Ward’s work revealed a way to get this crucial feedback. By modeling the nerve response to electrical pulses of varying strength and duration, Ward discovered he could predict the nerves’ responses to any given energy input. That led him to create a proprietary algorithm, which is what Drug Free Therapeutix is selling. Instead of tuning the pulses by guesswork, the company’s software adjusts continually to responses it measures from the nerves, in order to hit the notes that bring the patient relief. Now Ward’s company is working with device makers to add this software to neurostimulation units. Preclinical trials suggest they can boost the likelihood of pain relief from spinal cord stimulation from a flip of a coin to 80 or 90 percent.

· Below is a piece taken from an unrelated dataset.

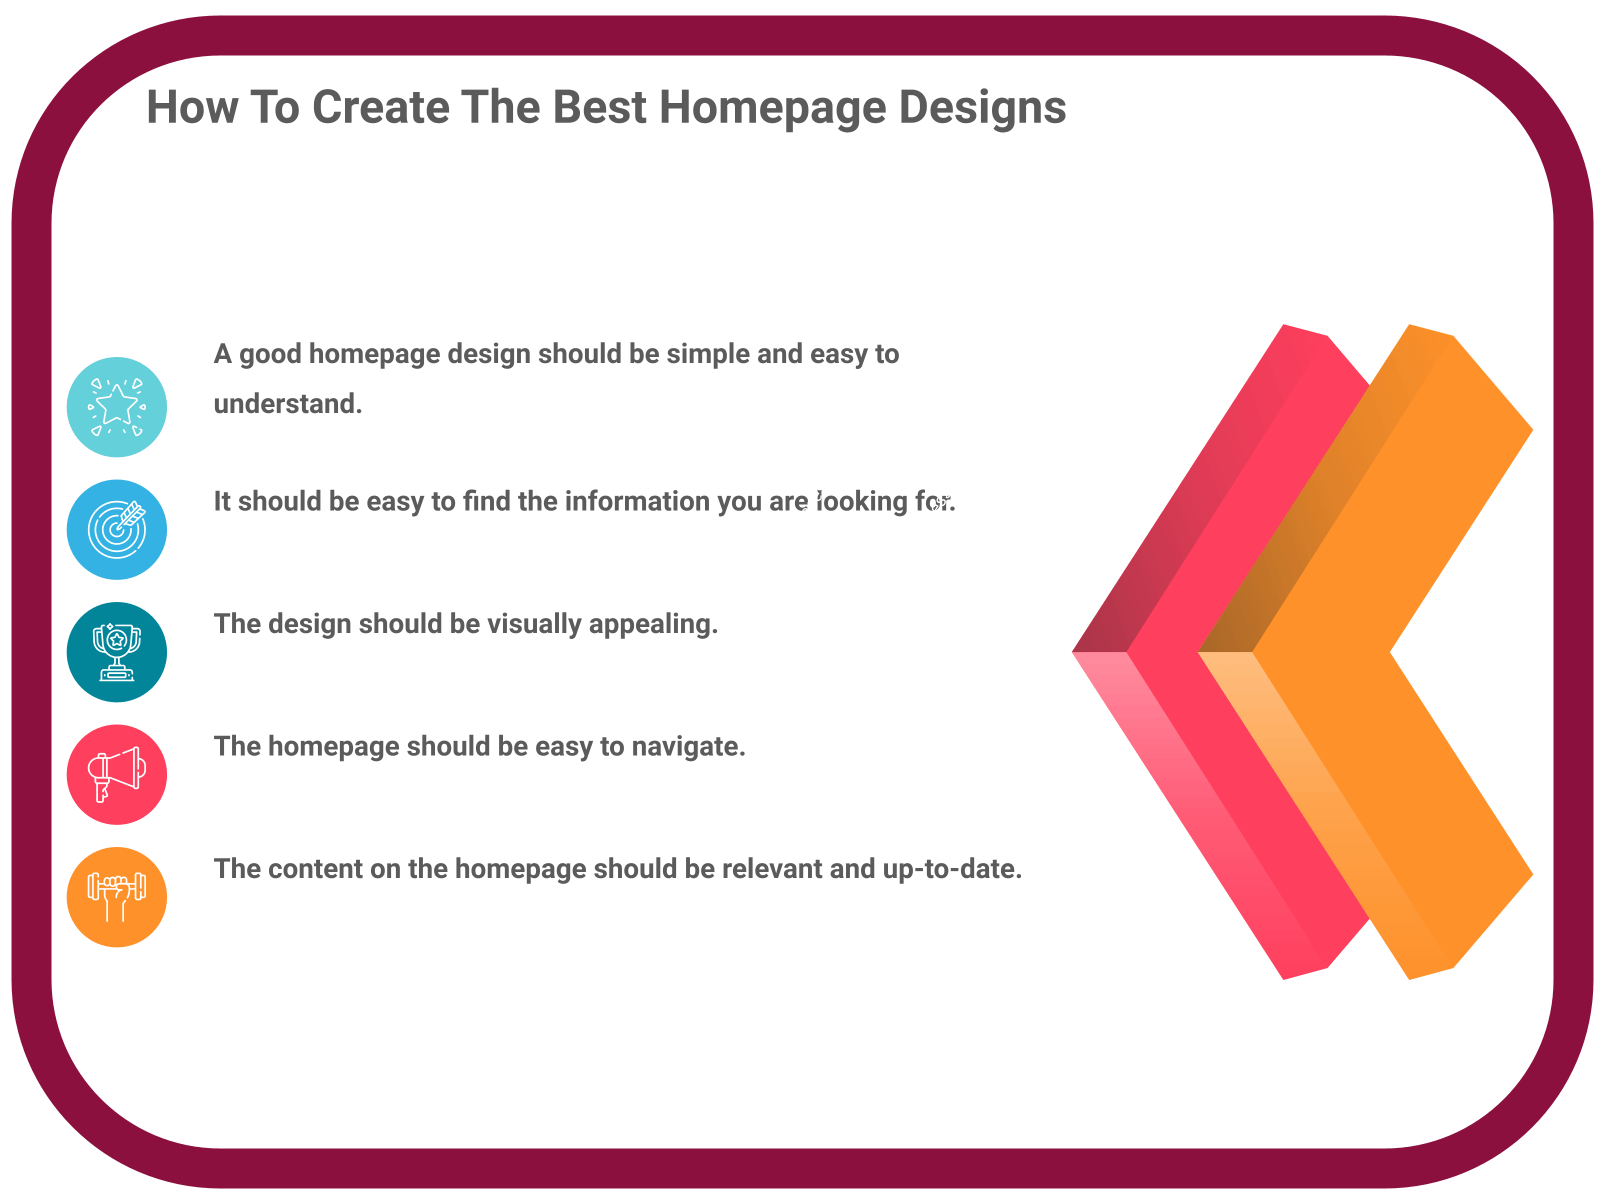 INFOGRAPHIC: How To Create The Best Homepage Designs - Poll the People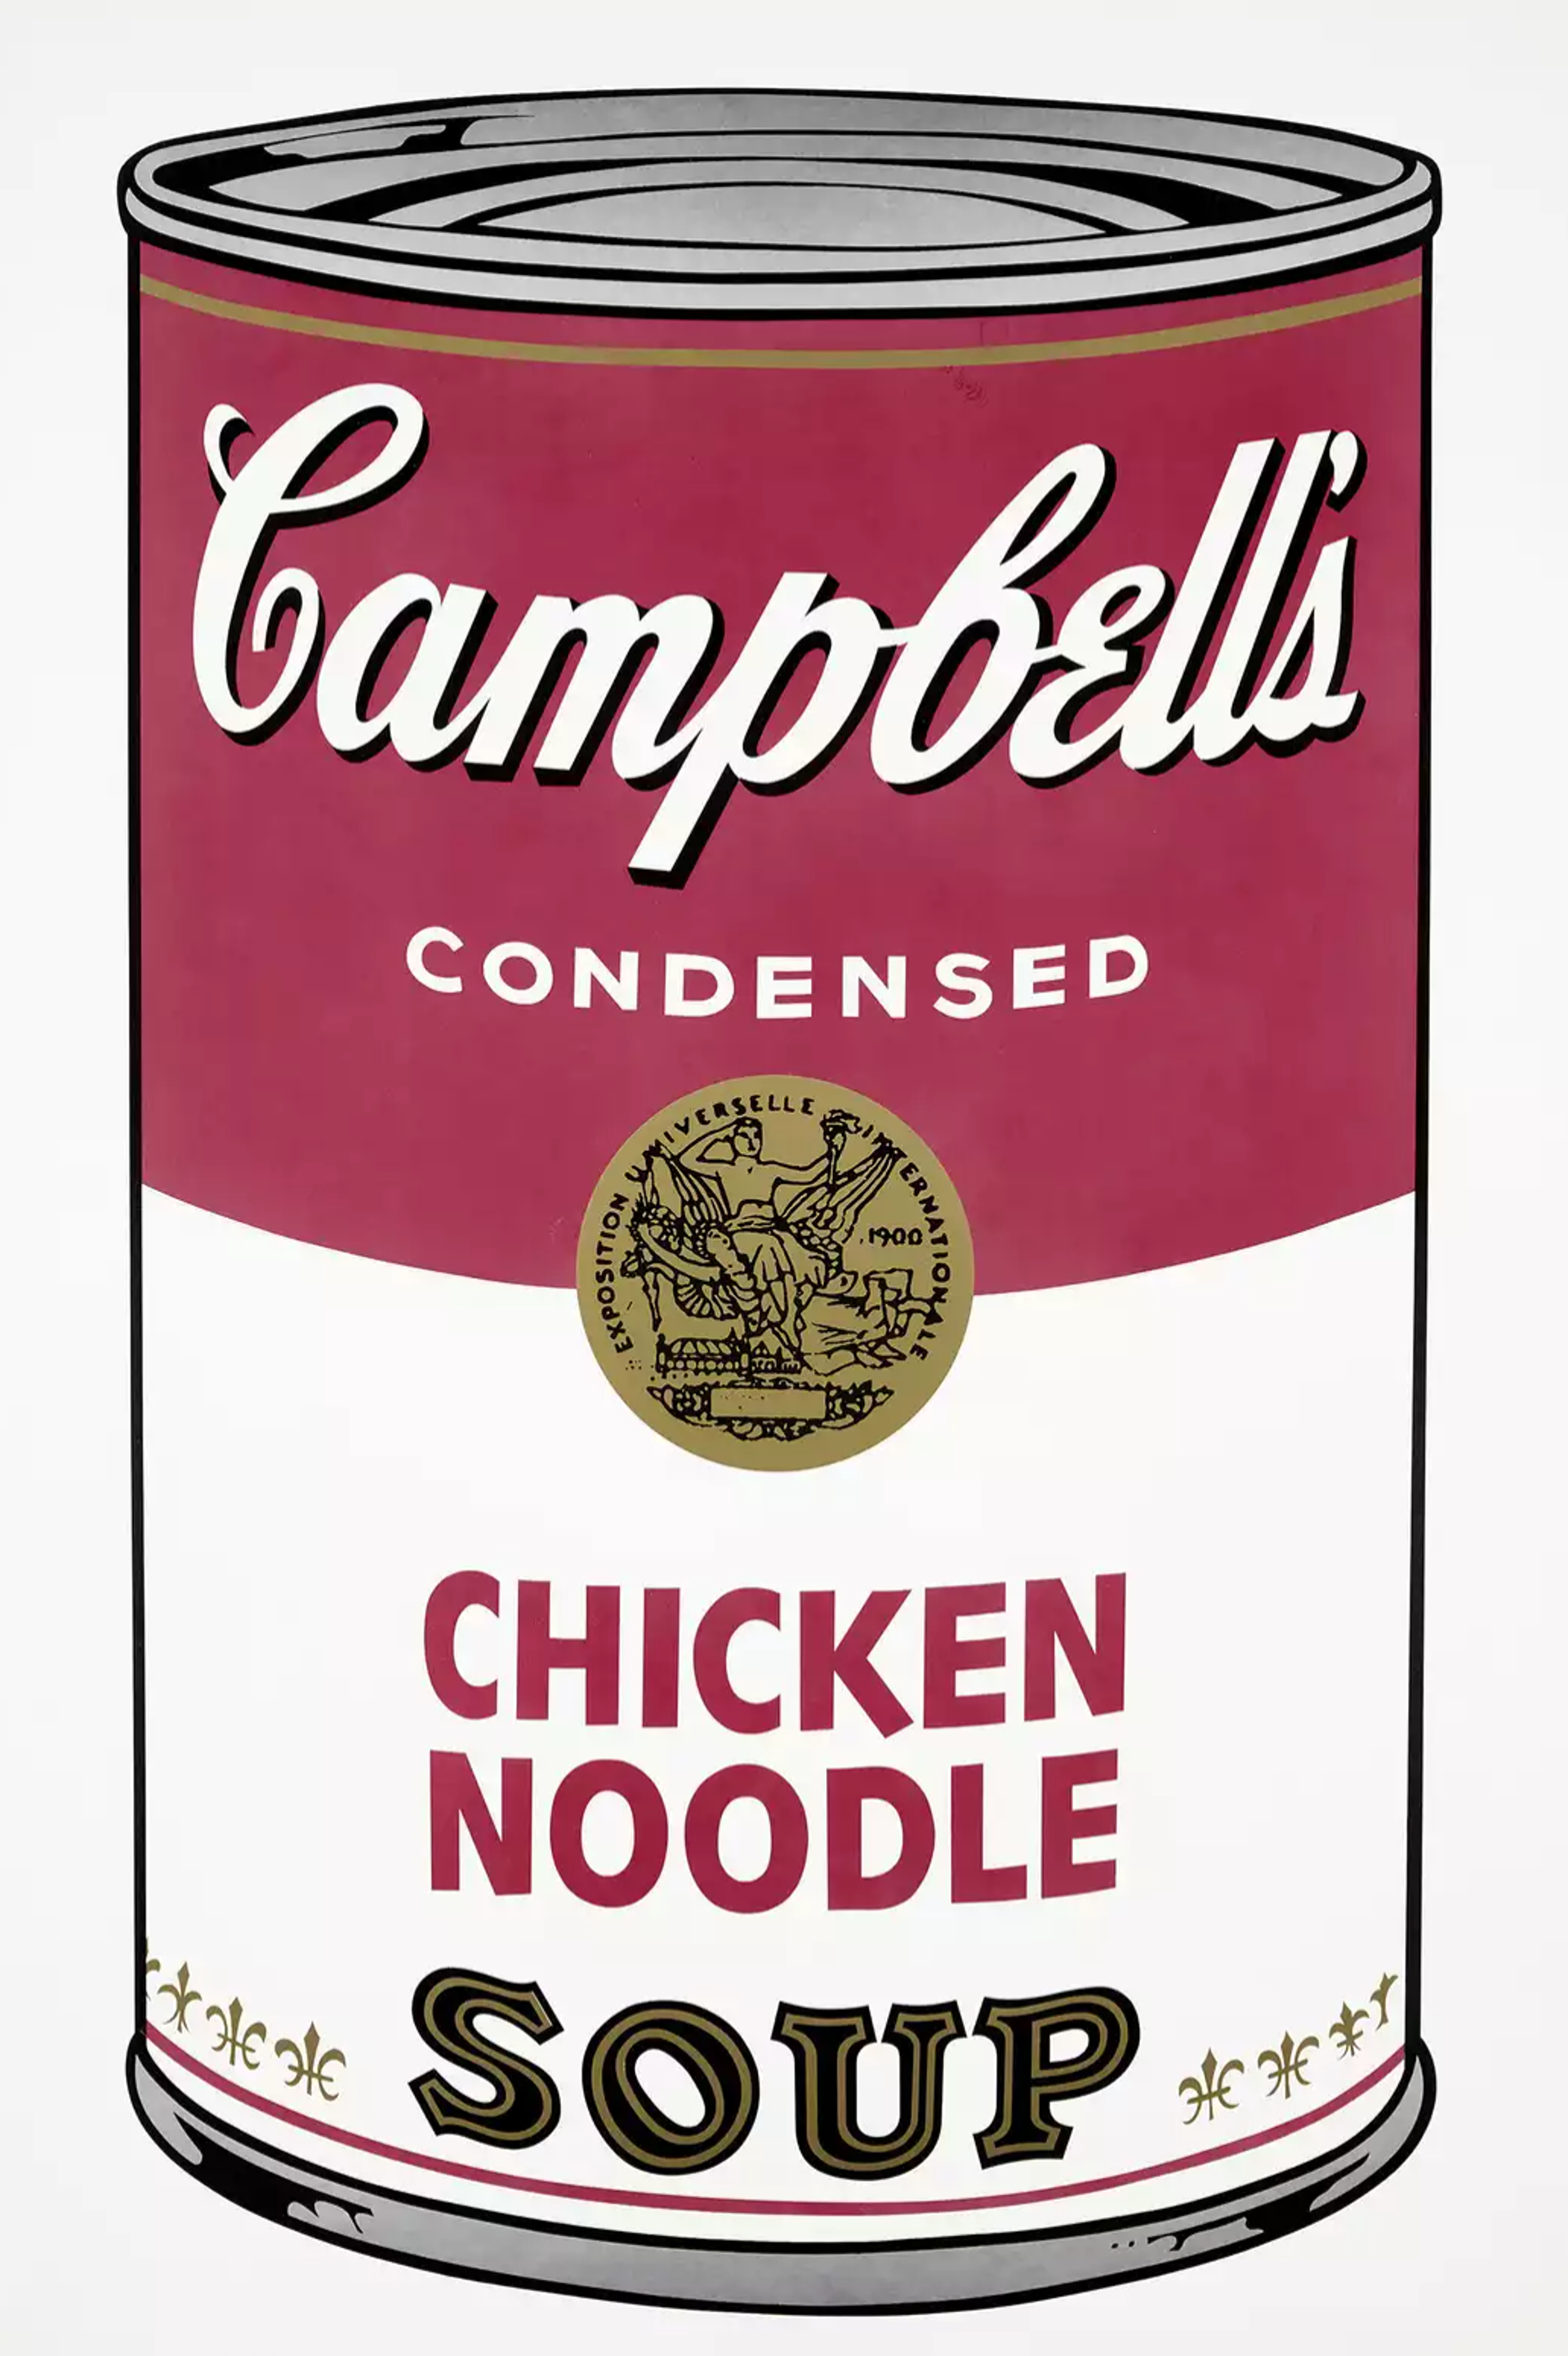 Chicken Noodle Soup by Andy Warhol

It’s not likely that spinal cord stimulation will push pharmaceuticals off the map. SCS wouldn’t be ideal for all types of pain. And there are low-tech alternatives for controlling pain, programs that include cognitive-behavioral therapy and physical therapy, that are well-supported by evidence. But patients are kept from these more complex treatments by uneven insurance coverage, according to a 2014 position statement from the American Academy of Pain Medicine. The result is that patients end up getting the easy treatment — often opioids — instead of the best one.
Still, Drug Free Therapeutix and other SCS improvements are among the very few new ideas that actually seem poised to make it to patients. Hurdles to developing new pain drugs are steep because pain is so perplexing. It’s not a simple stimulus and response, but a complex interaction between senses, emotion, and cognition. Chronic pain literally changes the brain, robbing regions that help integrate senses and emotions of gray matter. Pain can cause anxiety and depression, which can cause physical pain in their own right, making it hard to detangle which came first. Pain “is designed to be alerting and all-consuming,” says Barry Komisaruk, a researcher at Rutgers University who studies the basic neural pathways of pain. “It’s such a powerful stimulus, taking over the entire brain, that it’s very hard to control.”
Pain can be a side effect of spinal cord stimulation, too, a problem that Ward and his team hope their software can remedy. They also hope that making spinal-cord stimulation feasible for more patients—and pulling data out of more and more implants—will trigger innovations in device development. And that could bring relief to patients with nowhere else to turn.